= Work instruction =
Return the listing below unchanged, minus its pictures.

= Input data =
'''

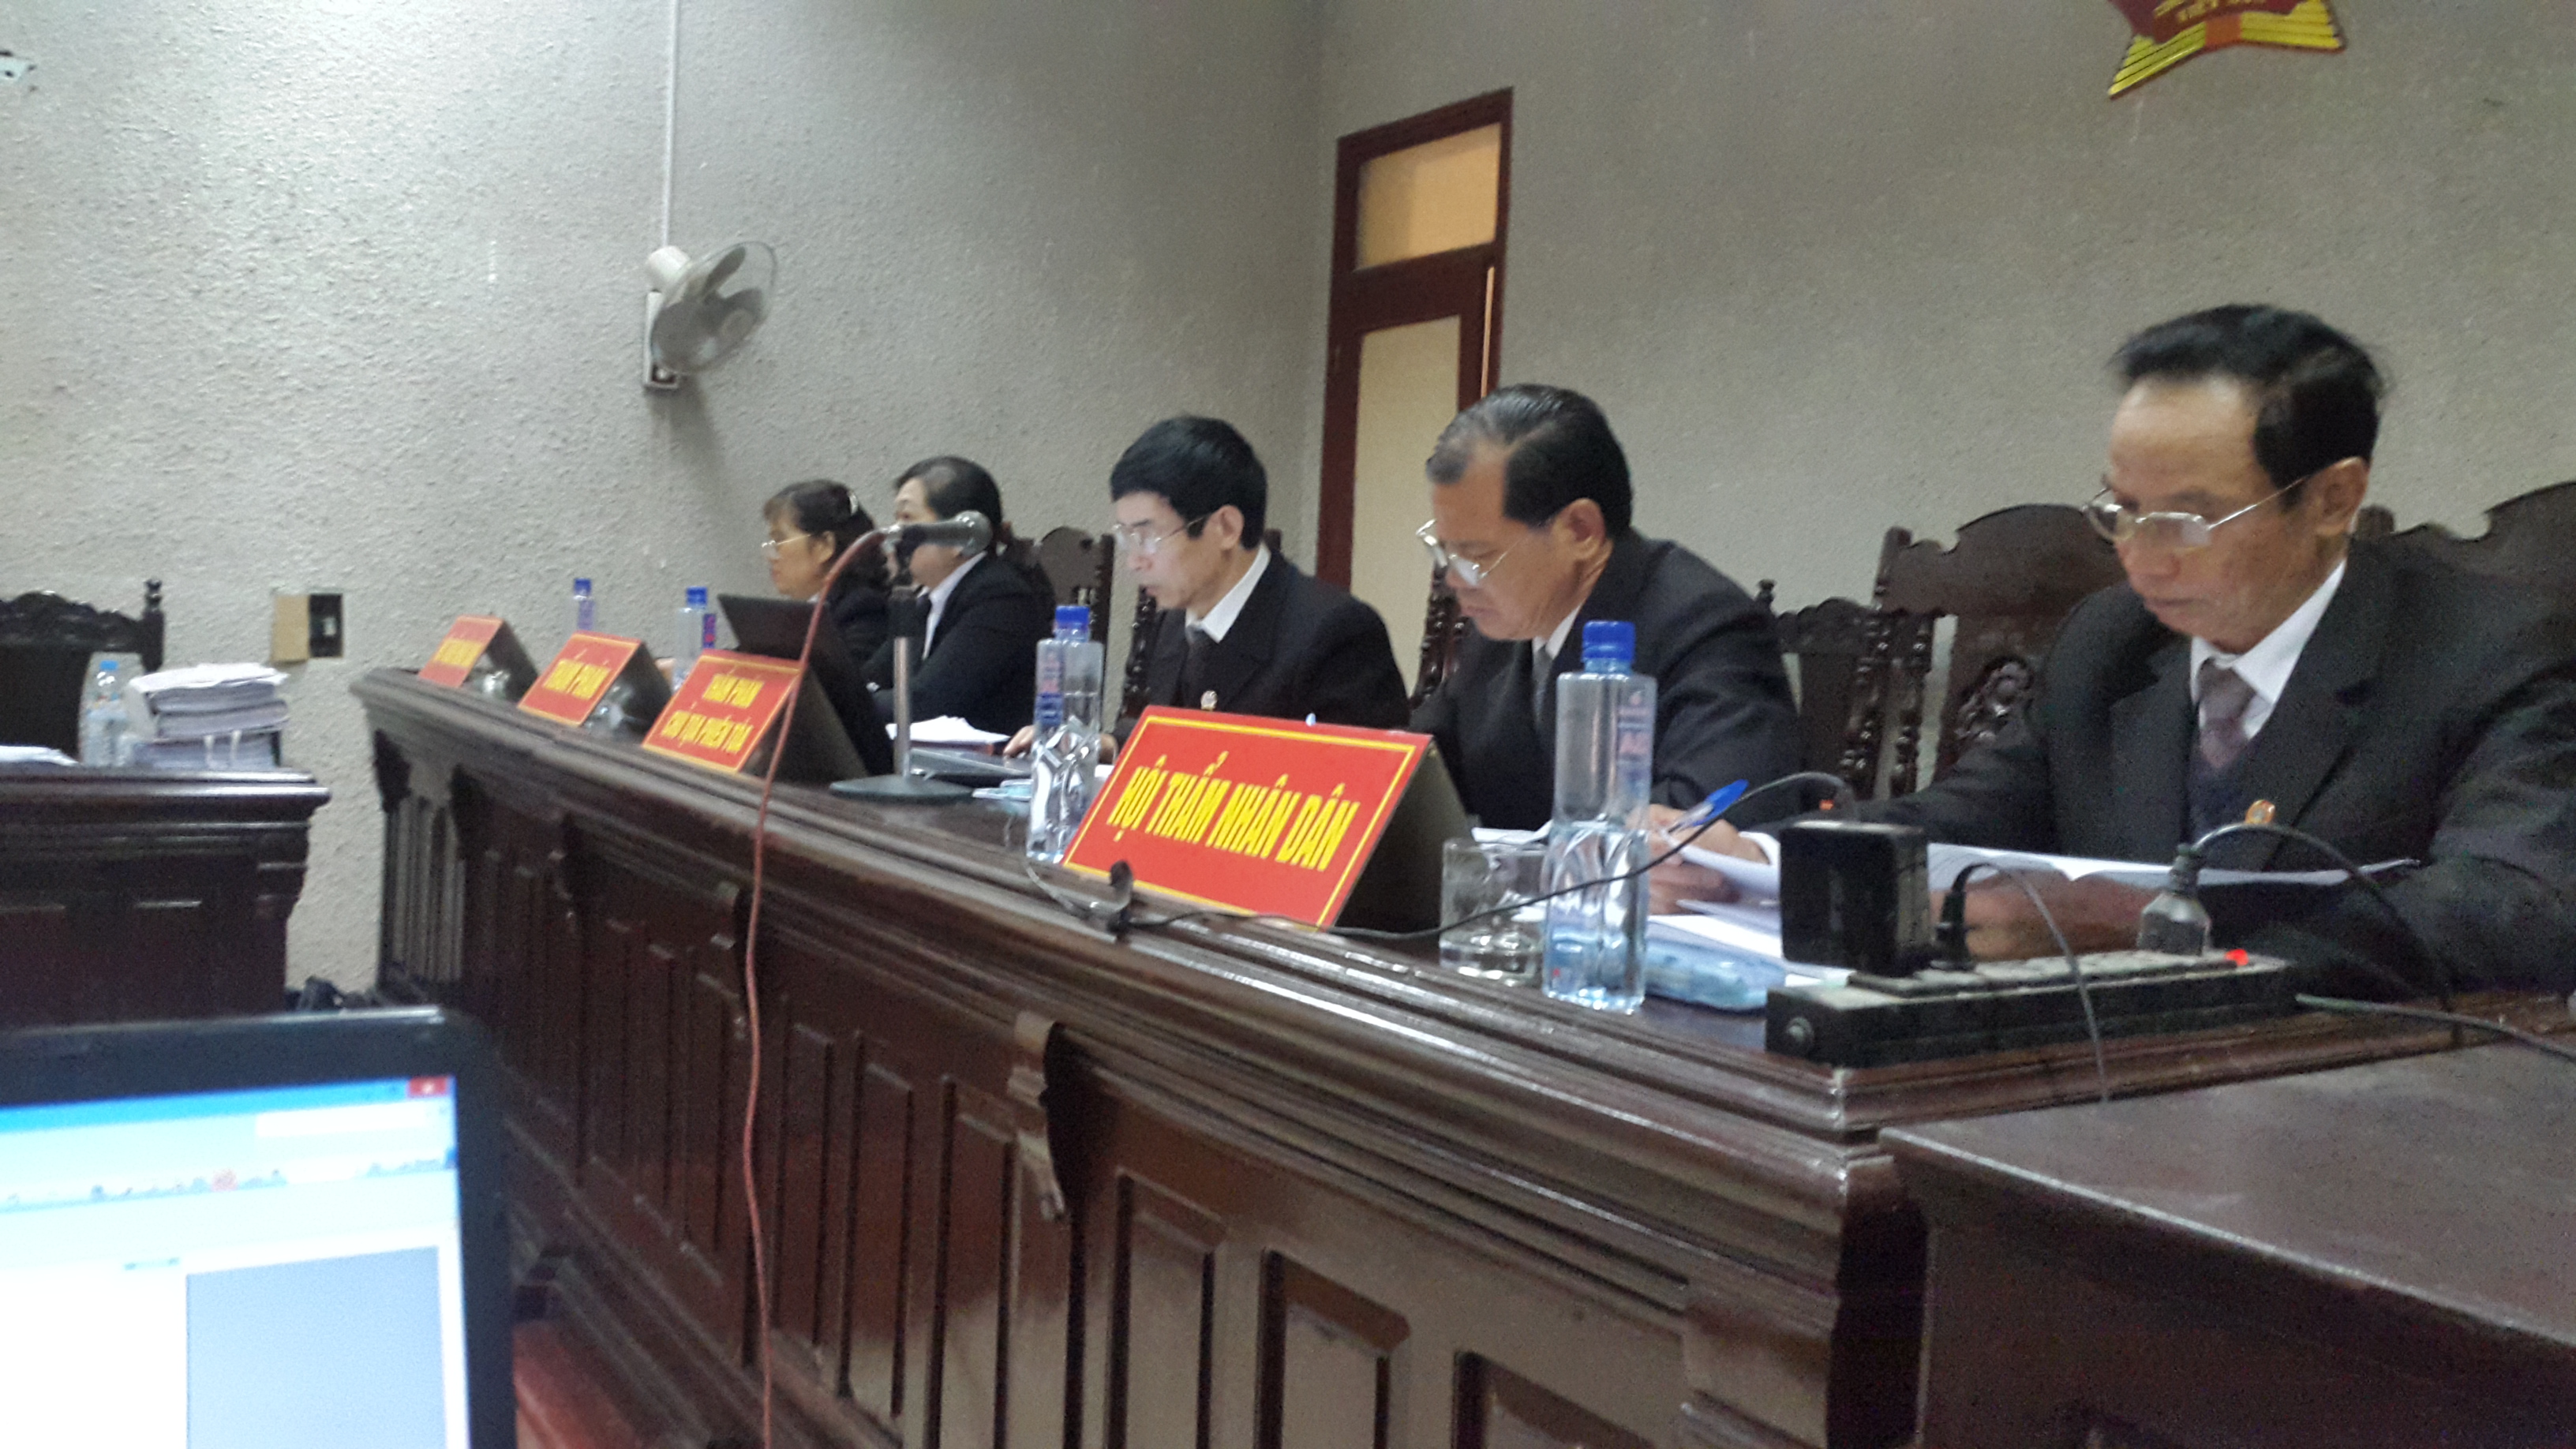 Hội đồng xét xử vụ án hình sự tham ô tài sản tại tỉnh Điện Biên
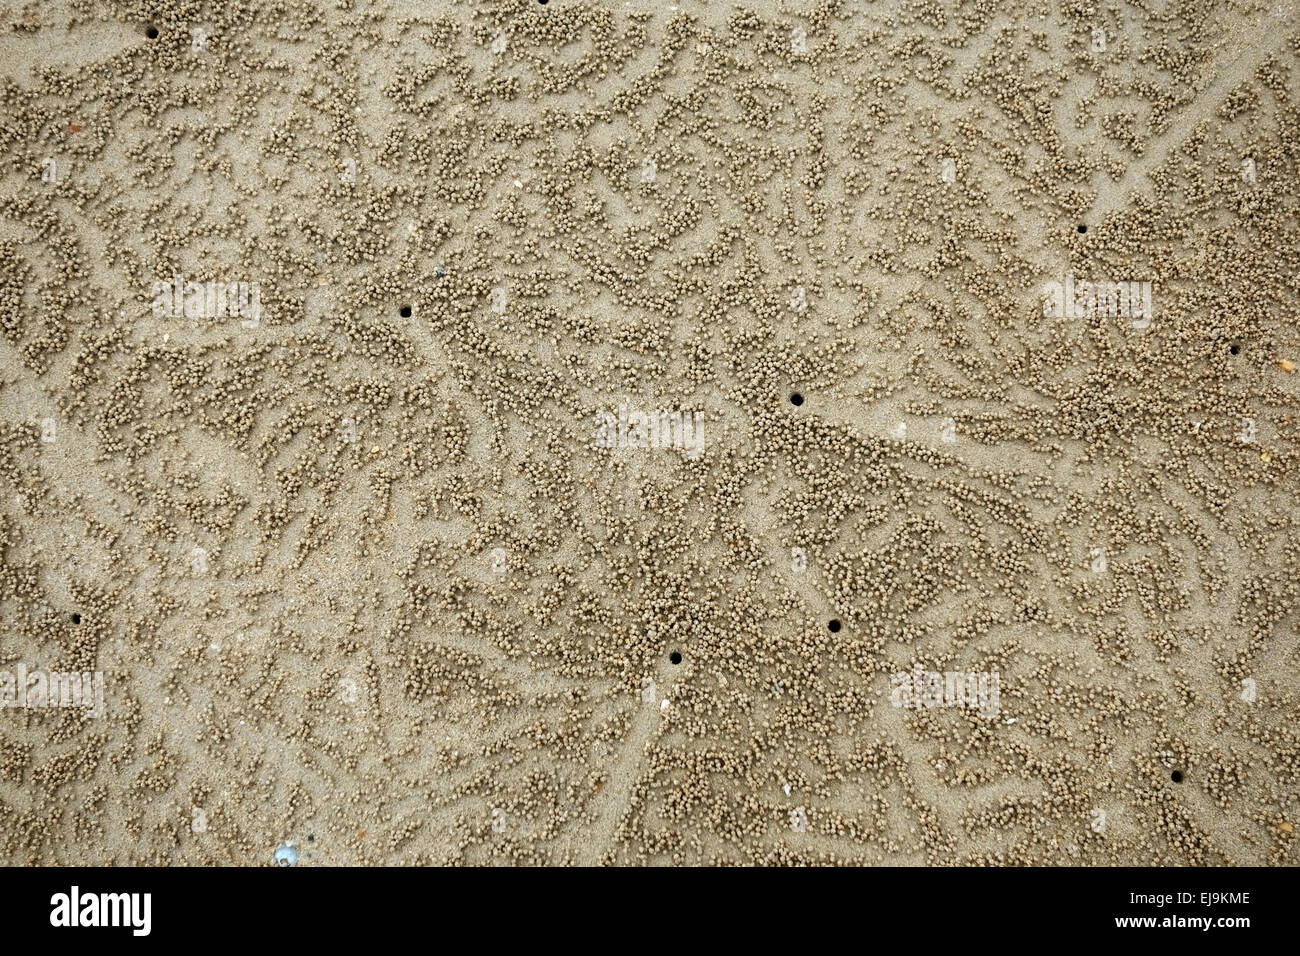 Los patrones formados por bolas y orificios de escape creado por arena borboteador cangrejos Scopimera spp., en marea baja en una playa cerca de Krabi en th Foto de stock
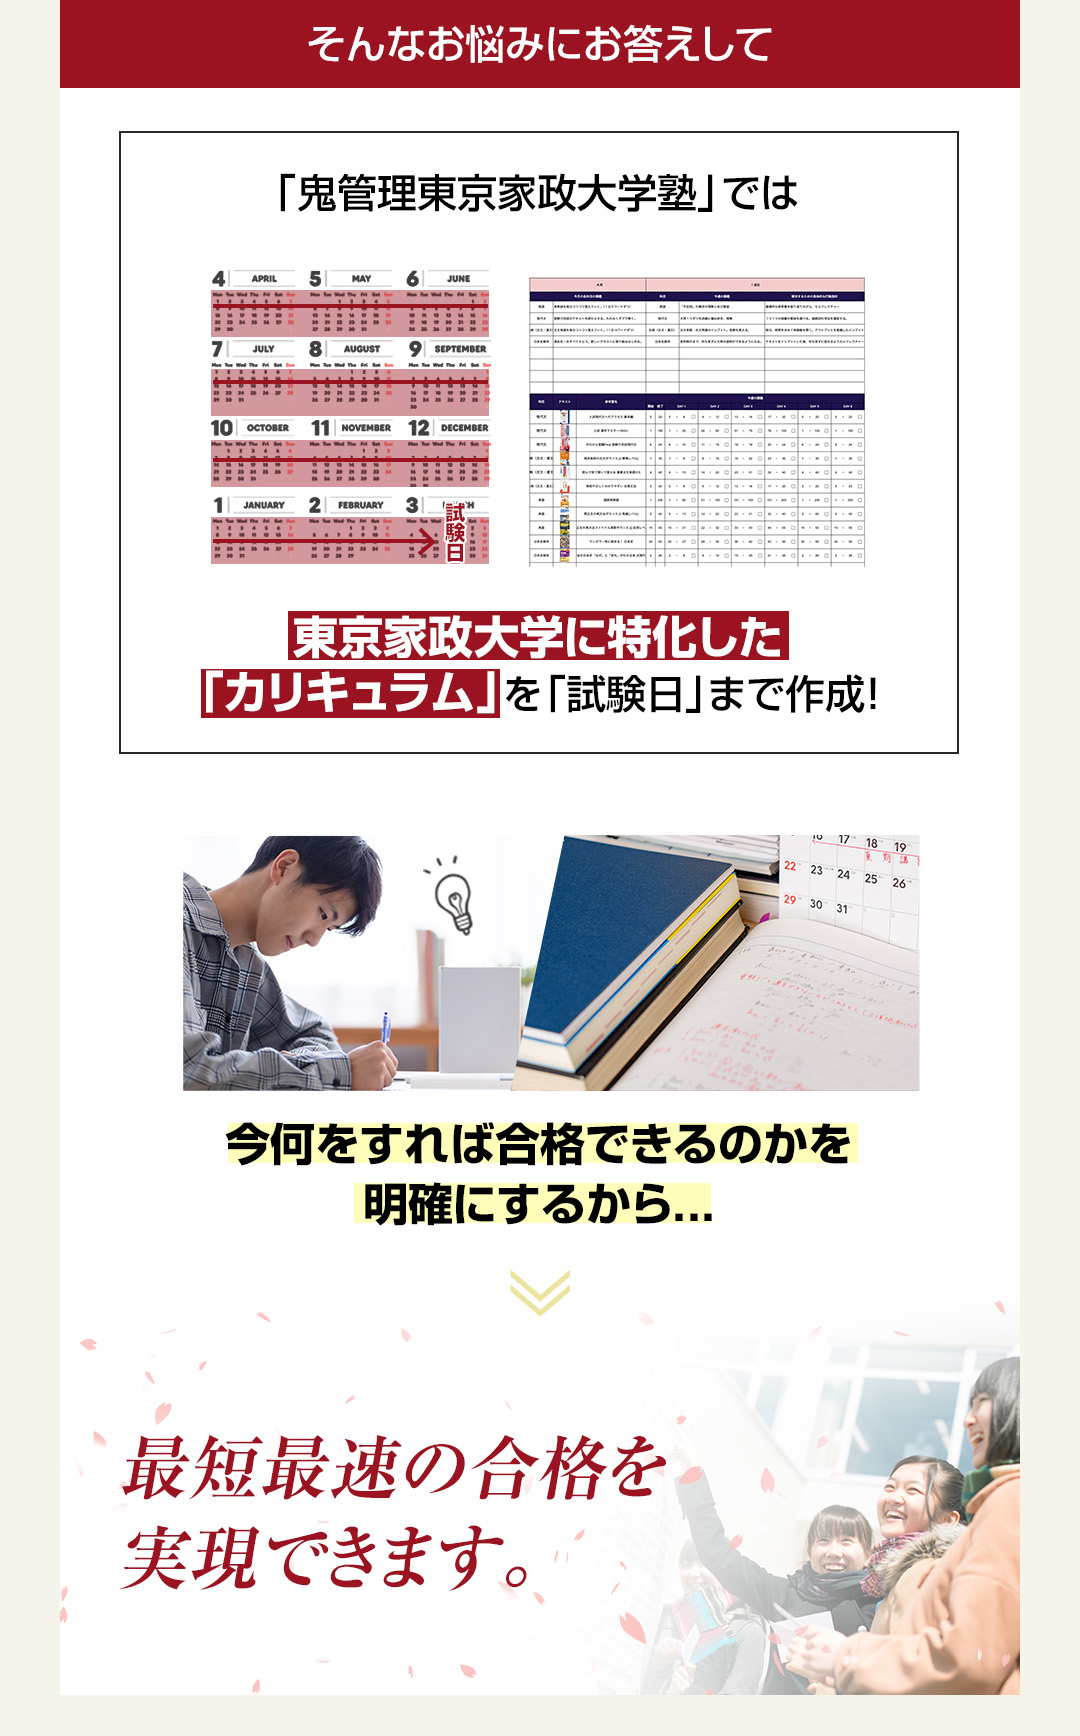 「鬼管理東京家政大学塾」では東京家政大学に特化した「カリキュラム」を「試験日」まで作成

'''

= Finished task =
 Hội đồng xét xử vụ án hình sự tham ô tài sản tại tỉnh Điện Biên
 Los patrones formados por bolas y orificios de escape creado por arena borboteador cangrejos Scopimera spp., en marea baja en una playa cerca de Krabi en th Foto de stock
 「鬼管理東京家政大学塾」では東京家政大学に特化した「カリキュラム」を「試験日」まで作成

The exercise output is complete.